On 5/8/2019 4:17 PM, Christoph Hellwig wrote:
On Tue, May 07, 2019 at 04:38:39PM +0300, Max Gurtovoy wrote:
Performance results running fio (24 jobs, 128 iodepth) using
write_generate=1 and read_verify=1 (w/w.o patch):
bs IOPS(read) IOPS(write)
---- ---------- ----------
512 1266.4K/1262.4K 1720.1K/1732.1K
4k 793139/570902 1129.6K/773982
32k 72660/72086 97229/96164
Using write_generate=0 and read_verify=0 (w/w.o patch):
bs IOPS(read) IOPS(write)
---- ---------- ----------
512 1590.2K/1600.1K 1828.2K/1830.3K
4k 1078.1K/937272 1142.1K/815304
32k 77012/77369 98125/97435
So this makes almost no difference for 512byte or 32k block sizes,
but a huge difference for 4k, which seems a little odd. Do you have
a good explanation for that?
Yes. The servers that were used for the measurements weren't so strong
to show the improvements for 512B.
We'll try to find stronger servers for that.

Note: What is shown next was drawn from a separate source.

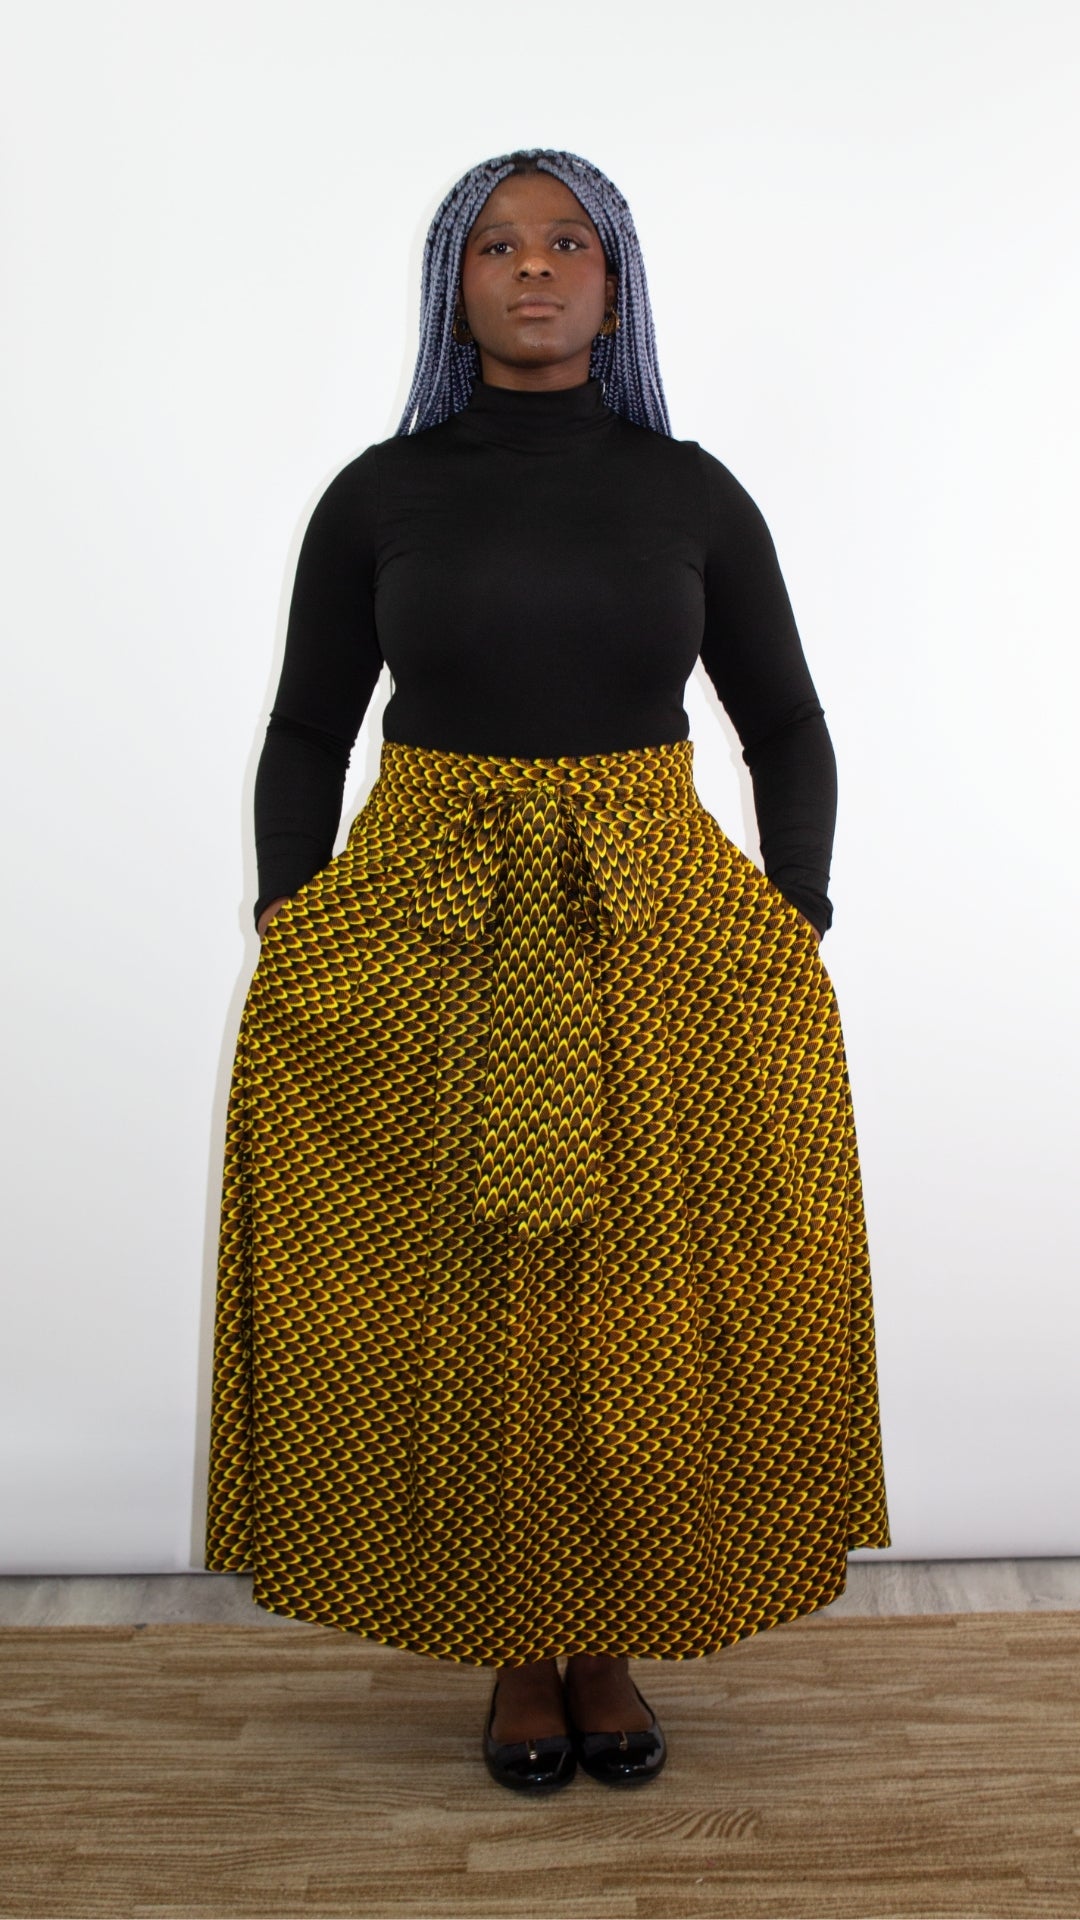 An edgy and stylish model with striking blue hair wearing a sleek black turtleneck paired with a statement yellow and black skirt adorned with a fashionable bow tie belt. The combination of bold colours and modern design creates a unique and eye-catching look.

For the case of 32K it's obvious, it doesn't fall to the case of PA
mappings (sg_nents == 1).
case IB_WR_REG_MR_INTEGRITY:
- memset(®_pi_wr, 0, sizeof(struct ib_reg_wr));
Btw, I think the driver would really benefit from eventually splitting
out each case in this huge switch statement into a helper. Everytime
I had to stare at it it took me forever to understand it.
Sure, this was exactly what I thought during the development. It's on
our plate after merging this series that's already big enough.